# connecting flex track?



## andrewsmith792 (Aug 26, 2012)

I am trying to join some flex track but what I don't understand is if the rail joiners slide under the ties or if you cut the joiners shorter to fit between the ties, also I read from a preview post it is best to leave the slip rail on the inside of the curve and dont cut it but joint it longer than the other one. Any advice would really help.
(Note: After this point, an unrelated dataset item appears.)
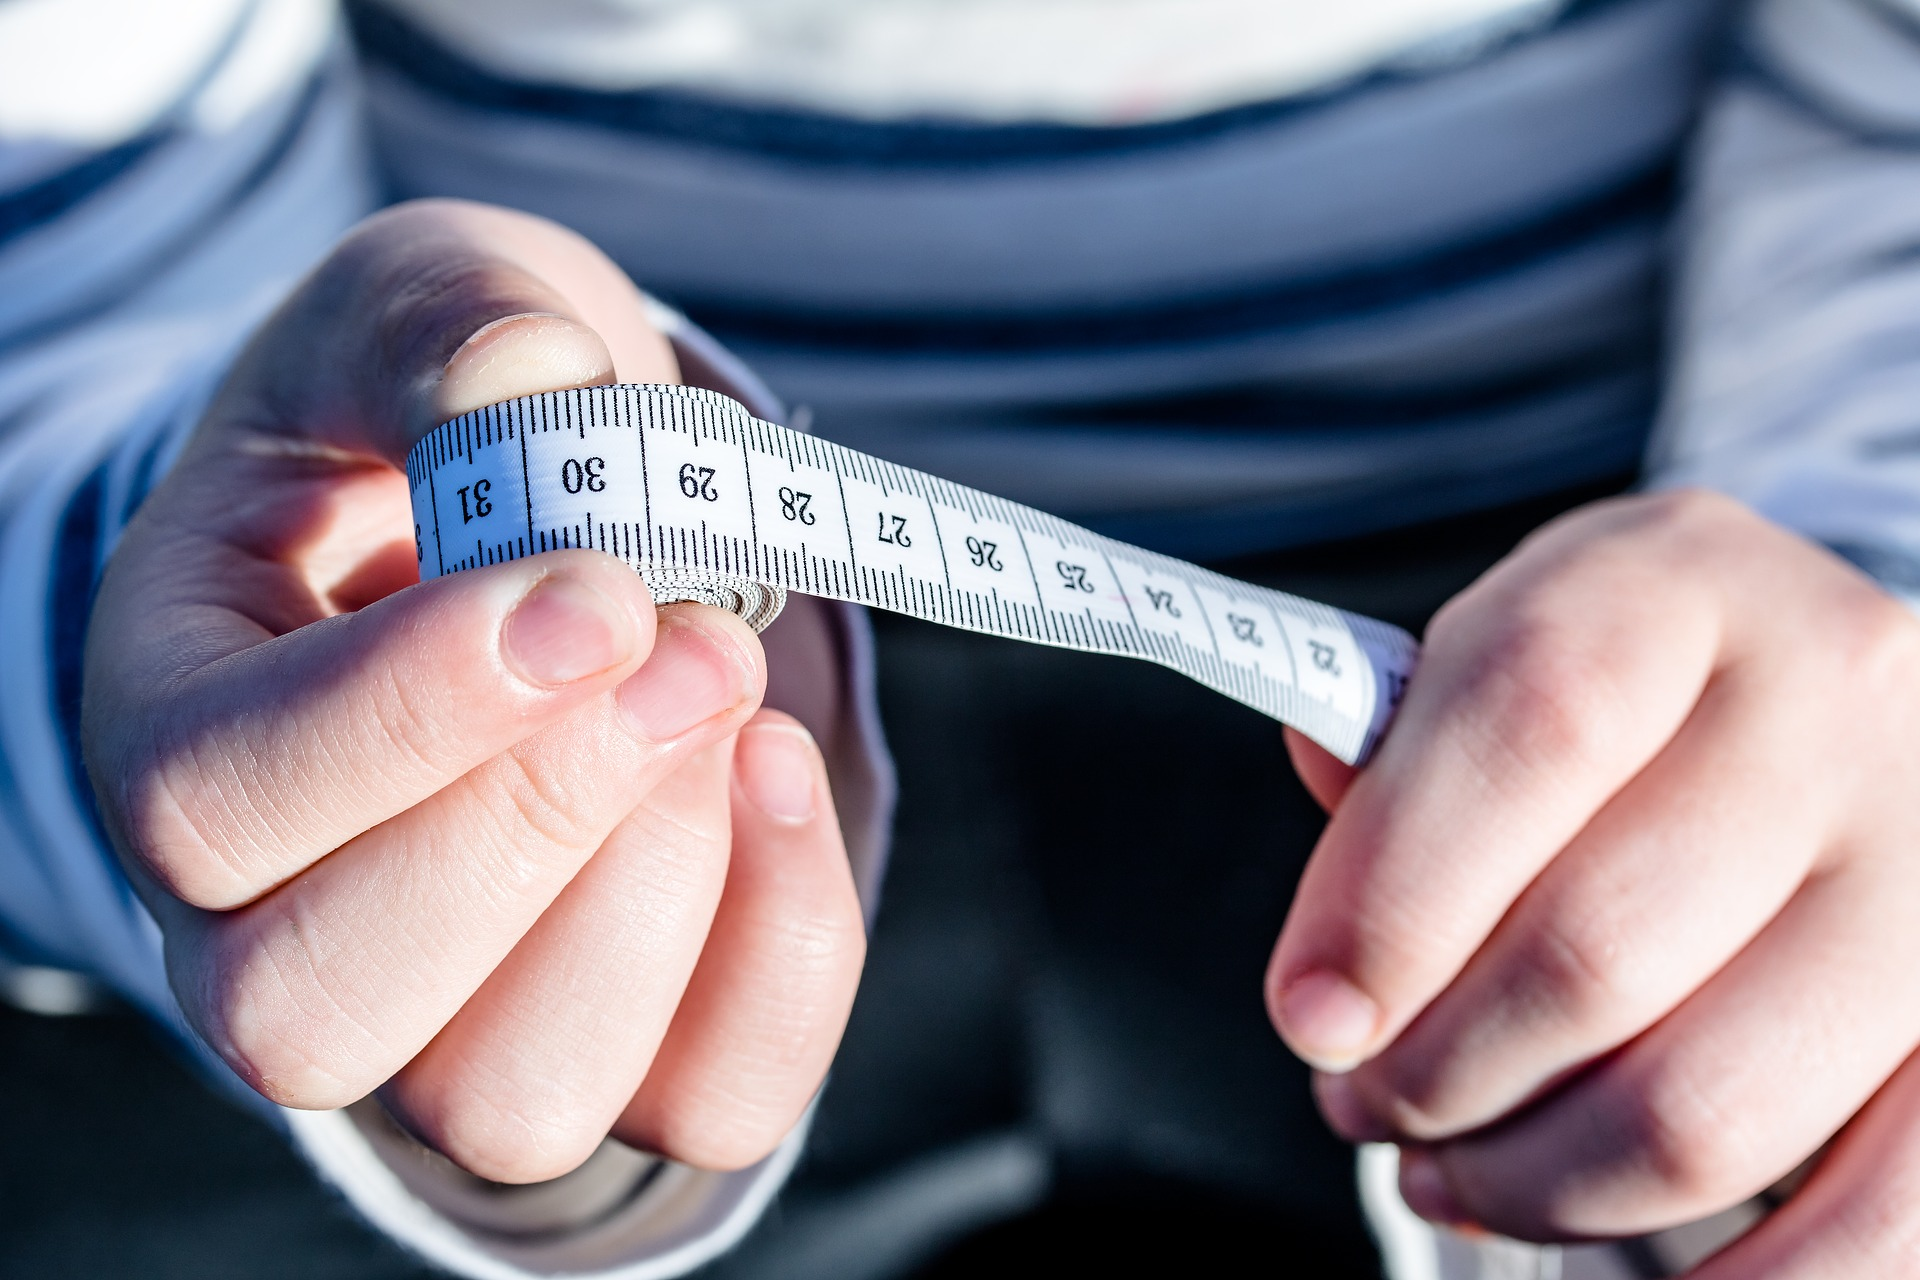 lihavuus on oire ei sairaus

I have been cutting the rail to length then cutting the joiners, its been working, but if there is an easier way I would be glad to use it .


----------



## Brakeman Jake (Mar 8, 2009)

I remove the last tie then slide it back under the track once it's all set.I don't cut the joiners.

Indeed,you need the slipping track on the inside of the curve that you then cut to fit.It is also best you allow a very small gap between joined rails to allow for metal expansion if the layout is exposed to temperature changes.


----------



## andrewsmith792 (Aug 26, 2012)

Got it, thanks for the help. I was trying to salvage the ties, didn't know to cut it then slip it back under. lot easier now


----------



## sstlaure (Oct 12, 2010)

Trim the little nibs off of the ties that you remove so that they'll slide under the track easier when you go to re-insert them. You'll never notice those details being trimmed off when you're done.


----------